OpenAI has unveiled a new benchmark designed to evaluate its AI models' performance relative to human professionals across multiple industries and job functions. Released on Thursday, the benchmark, named GDPval, represents OpenAI's initial effort to understand how its systems perform on economically valuable tasks compared to humans. It also aligns with the company's founding mission of developing artificial general intelligence (AGI).
According to OpenAI, early research findings indicate that both the GPT-5 model and Anthropic's Claude Opus 4.1 "are approaching the quality of work produced by industry experts."
However, this does not mean that AI will immediately replace human labor. While some CEOs predict AI could replace human jobs within a few years, OpenAI acknowledges that GDPval currently covers only a narrow range of tasks humans perform in real-world jobs. Nevertheless, it is among the latest tools the company uses to track AI progress toward this milestone.

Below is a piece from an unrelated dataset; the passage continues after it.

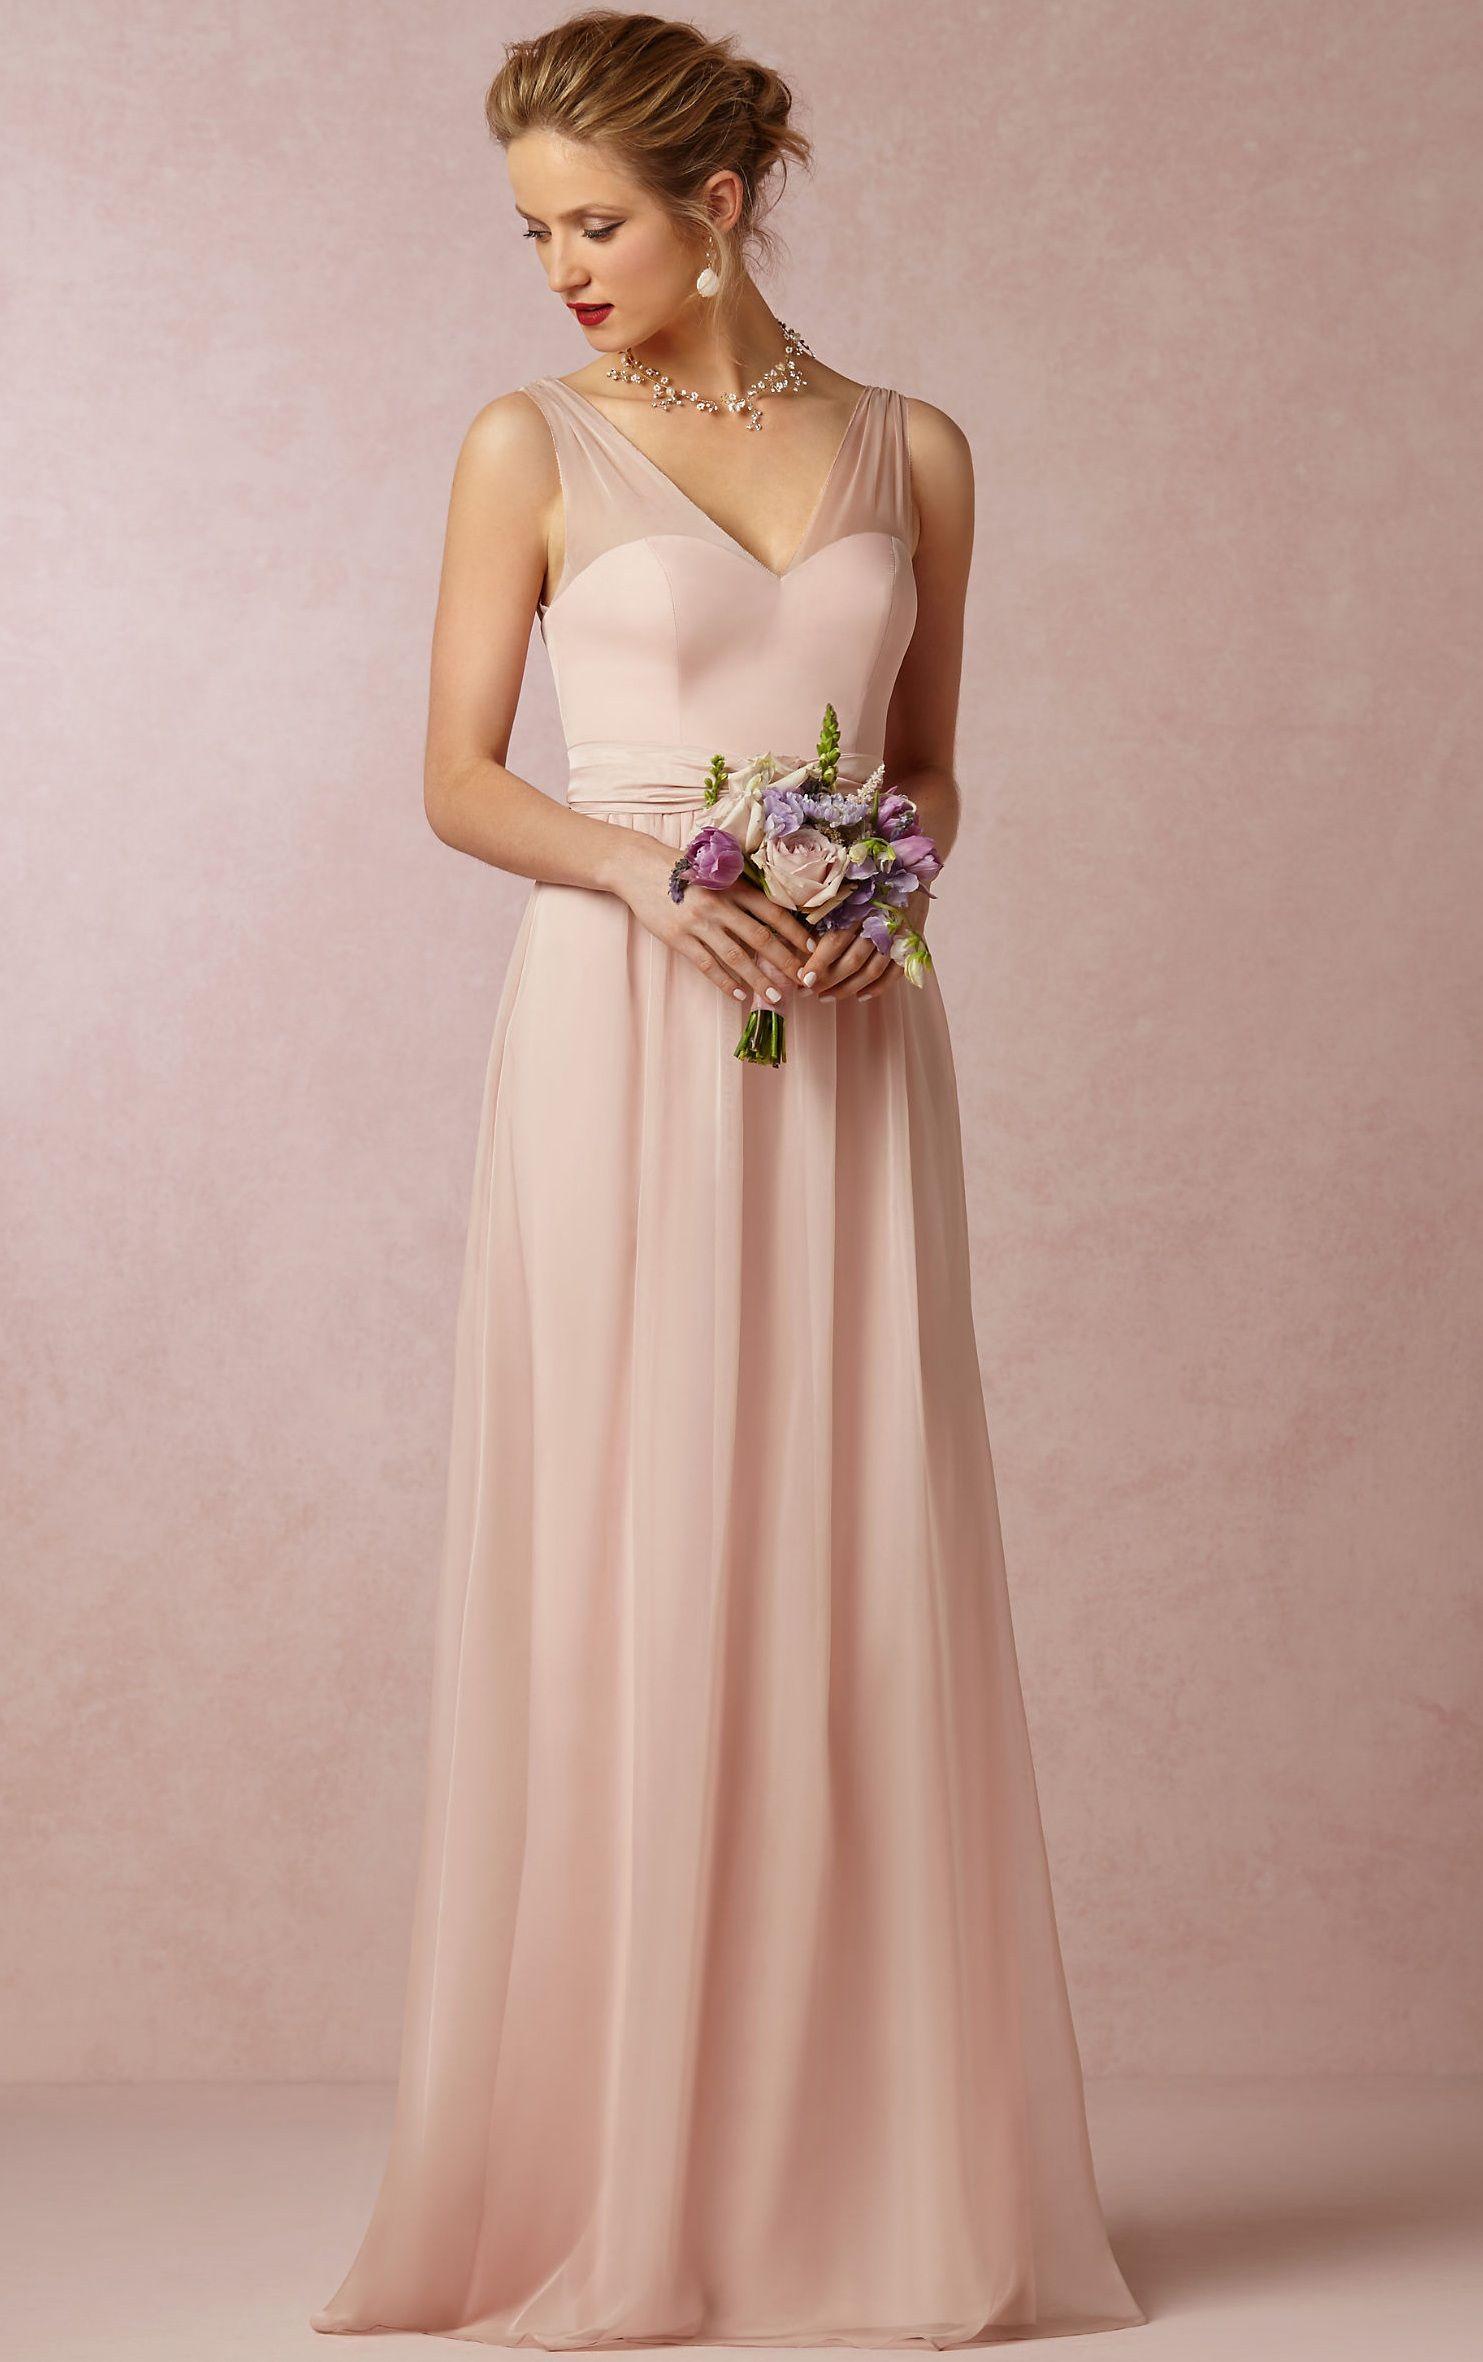 modelo simples e bonito! | damas de honor | Pinterest | Bonito ...

GDPval focuses on nine industries that significantly contribute to the U.S. GDP, including healthcare, finance, manufacturing, and government sectors. The benchmark evaluates AI models across 44 professions within these industries, ranging from software engineers to nurses and journalists.
In the first version of the test, GDPval-v0, OpenAI asked experienced professionals to compare AI-generated reports with those produced by human experts and choose the better one. For example, one prompt asked investment bankers to create a competitive landscape report for the last-mile delivery industry and compare it with an AI-generated version. OpenAI then calculated the AI models' "win rate" across all 44 professions relative to human-generated reports.
For GPT-5-high, an enhanced version of GPT-5 with increased computational power, the model was rated as superior or comparable to industry experts 40.6% of the time.
OpenAI also tested Anthropic's Claude Opus 4.1, which was rated as superior or comparable to human experts in 49% of the tasks. OpenAI noted that Claude's high score may be due to its tendency to produce visually appealing outputs, not just functional ones.
It's important to note that most professional jobs involve much more than submitting reports to a manager—something GDPval-v0 does not test beyond report generation. OpenAI acknowledges this limitation and plans to develop more robust tests in the future that cover additional industries and interactive workflows.
Nonetheless, the company believes the progress measured by GDPval is worth monitoring.
"As models continue to improve in certain areas," said Chatterji, "professionals in these roles can now leverage AI capabilities to gradually offload parts of their work and focus on potentially higher-value tasks."
Tejal Patwardhan, OpenAI’s head of evaluation, expressed encouragement at the pace of GDPval's progress. The company's GPT-4o model scored only 13.7% (wins and ties against humans) around 15 months ago. Now, GPT-5's score is nearly three times higher, and Patwardhan expects this upward trend to continue.
The tech industry already employs a wide range of benchmarks to measure AI progress and determine whether a model is state-of-the-art. Among the most popular are AIME 2025 (a competitive math problem test) and GPQA Diamond (a PhD-level science question test). However, several AI models have approached saturation on these benchmarks, prompting many AI researchers to call for better tests that assess AI's proficiency in real-world tasks.
Benchmarks like GDPval may grow increasingly relevant in this conversation as OpenAI demonstrates the value of its AI models across diverse industries. However, OpenAI may need more comprehensive versions of the test to definitively claim that its models outperform humans.